Suppose you own a catering company. You hire local college students as servers. Not being the most reliable employees, there is an 80% chance that any one server will actually show up for a scheduled event. For a wedding scheduled on Saturday, you need at least 5 servers.
# Using the dbinom function to find the probability of the specific instance where 5/5 employees come to work
dbinom(x = 5, size = 5, prob = .8)
## [1] 0.32768
The probability of all 5 employees coming to work is .3277.
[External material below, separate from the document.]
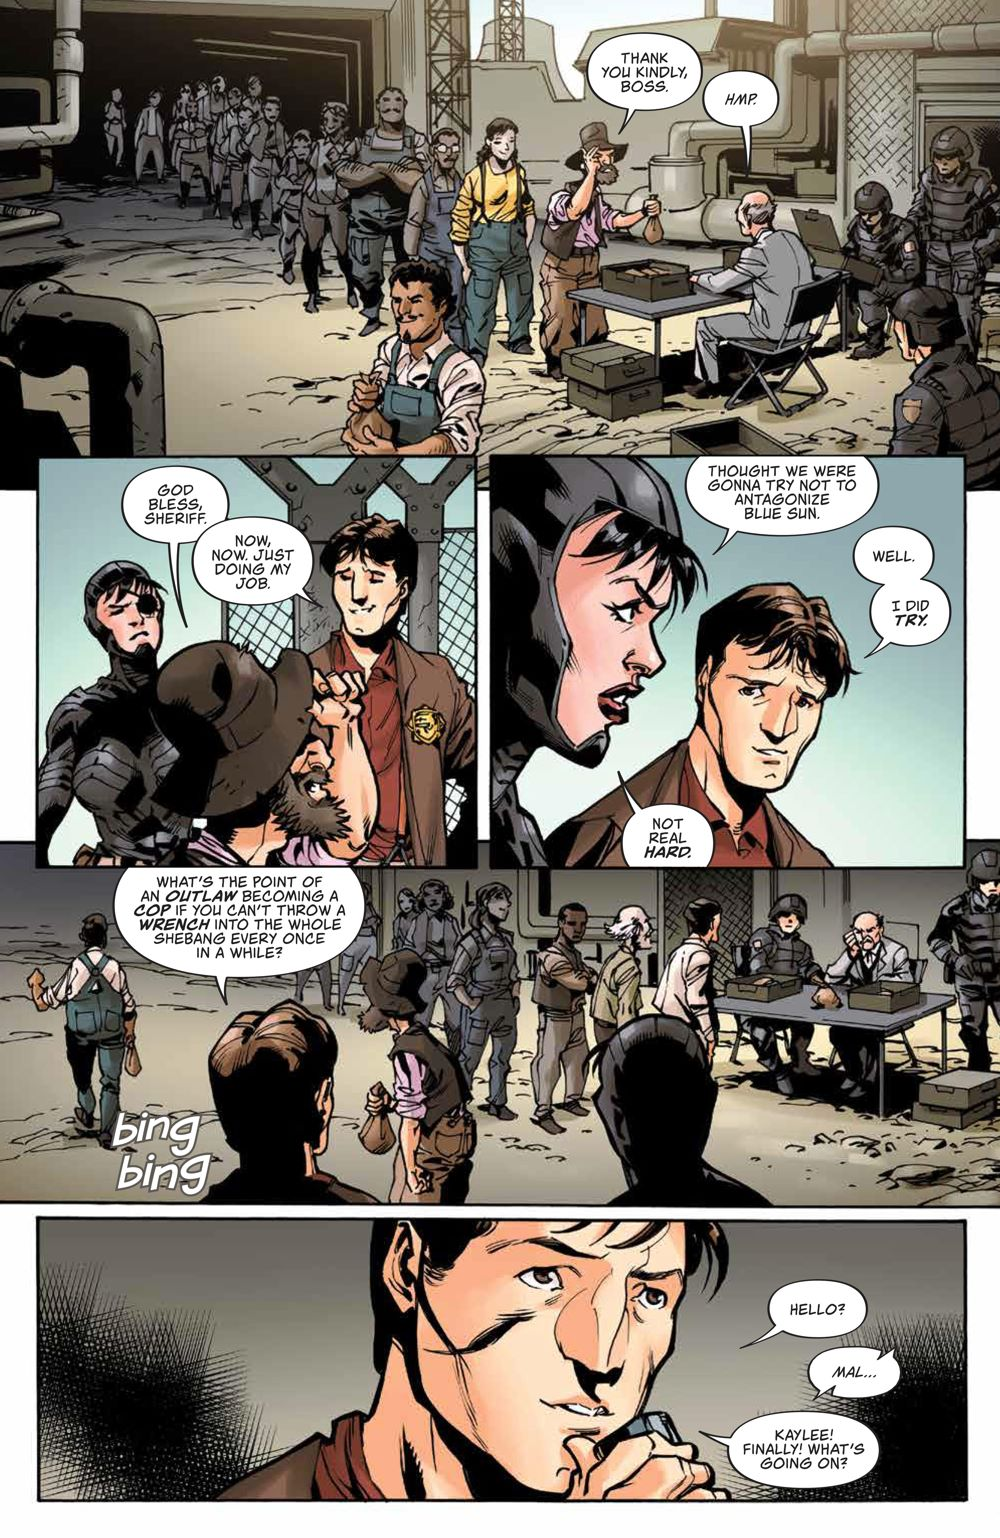 Firefly_NewSheriffVerse_v2_HC_PRESS_19 ComicList Previews: FIREFLY NEW SHERIFF IN THE 'VERSE VOLUME 2 HC
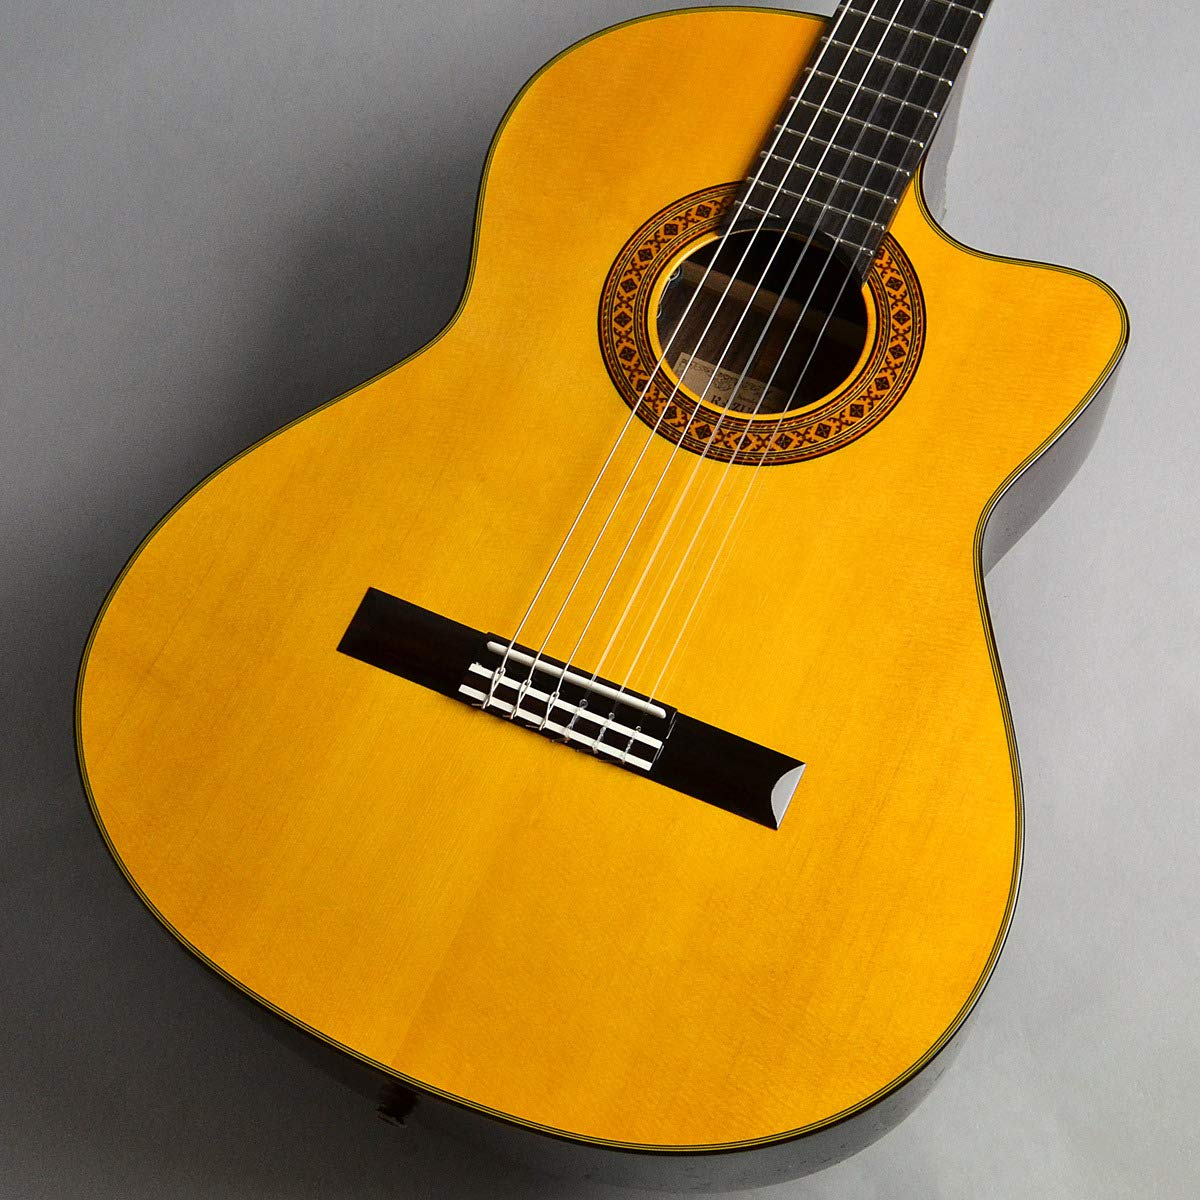 K.YAIRI CE-1 NS エレクトリッククラシックギター ハードケース付き   B00O9VURZE

# Using the pbinom function to find the probability of the specfic instance where at least 5/7 employees come to work
pbinom(q = 4, size = 7, prob = .8, lower.tail=FALSE)
## [1] 0.851968
The probability of at least 5 employees out of 7 showing up to work is approximately .8520.
#Using the pbinom function with a range of possibilities to observe multiple probabilities of getting five employees to show up, and creating a data frame to see which value corresponds with which scenario
data.frame(employees_scheduled=c(5:15), prob = pbinom(q=4, size = c(5:15), prob = .8, lower.tail = FALSE))
## employees_scheduled prob
## 1 5 0.3276800
## 2 6 0.6553600
## 3 7 0.8519680
## 4 8 0.9437184
## 5 9 0.9804186
## 6 10 0.9936306
## 7 11 0.9980346
## 8 12 0.9994188
## 9 13 0.9998340
## 10 14 0.9999540
## 11 15 0.9999875
# After seeing in the data frame that when size = 10, the probability of having 5 employees present is .9936, it is clear that at least ten employees must be schedueled. To check this, the next line of code shows testing the one specific instance of schedueling 10 employees to work with the need for at least 5 to show up
pbinom(q=4, size=10, prob = .8, lower.tail=FALSE)
## [1] 0.9936306
In order to be 99% confident that at least 5 employees will show up to work, a minimum of 10 employees should be schedueled.